Sir Eyre Alexander Barby Wichart Crowe GCB GCMG (30 July 1864 – 28 April 1925) was a British diplomat. He was a leading expert on Germany in the foreign office. He is best known for his 1907, vigorous warning that Germany's expansionist intentions toward Britain were hostile and had to be met with a closer alliance ("Entente") with France.

Eyre Crowe was born in Leipzig and educated at Düsseldorf and Berlin and in France. His father, Joseph Archer Crowe (1825 - 1896), had been a British consul-general and ended his career as commercial attache for all of Europe (1882–1896), as well as being an important art historian. His mother was Asta von Barby (c1841 - 1908). His grandfather Eyre Evans Crowe was a journalist, writer and historian, and his uncle, Eyre Crowe, was an artist.

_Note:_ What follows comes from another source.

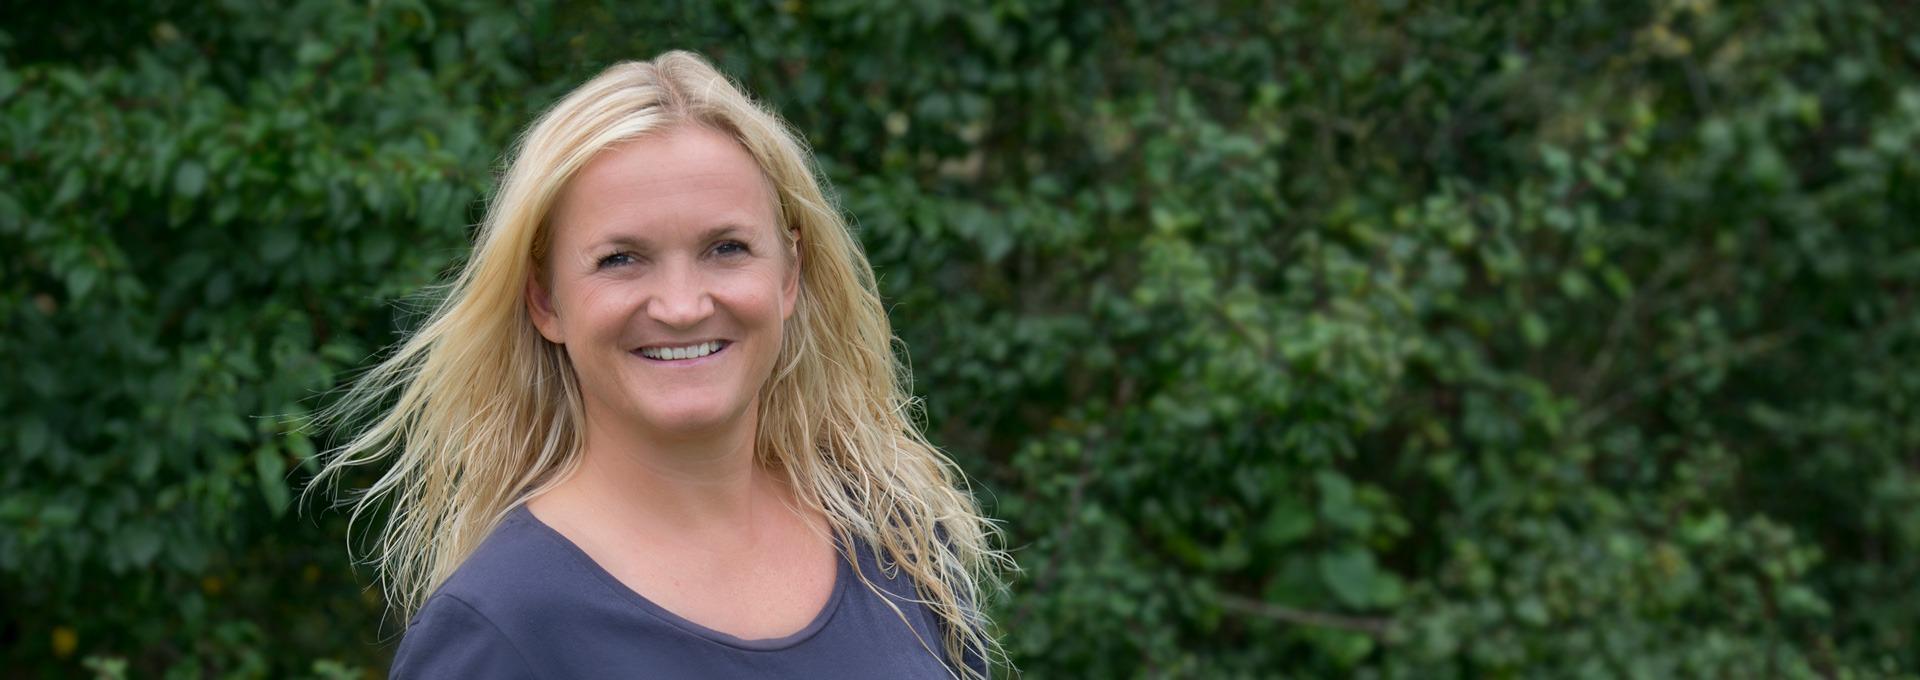 Annette Spangsberg - biodynamisk kranio-sakral terapeut og psykoterapeut

Crowe first visited England in 1882 when he was seventeen to cram for the Foreign Office examination and at the time was not fully fluent in English. Even later in life it was reported that when angry he spoke English with a German accent. He married his widowed German cousin Clema Gerhardt in 1903. Crowe's wife's uncle was Henning von Holzendorff, who was to become the Chief of the German Naval Staff in the First World War. Due to being half-German, Crowe was often attacked in the press and by Christabel Pankhurst and William le Queux for this during the First World War.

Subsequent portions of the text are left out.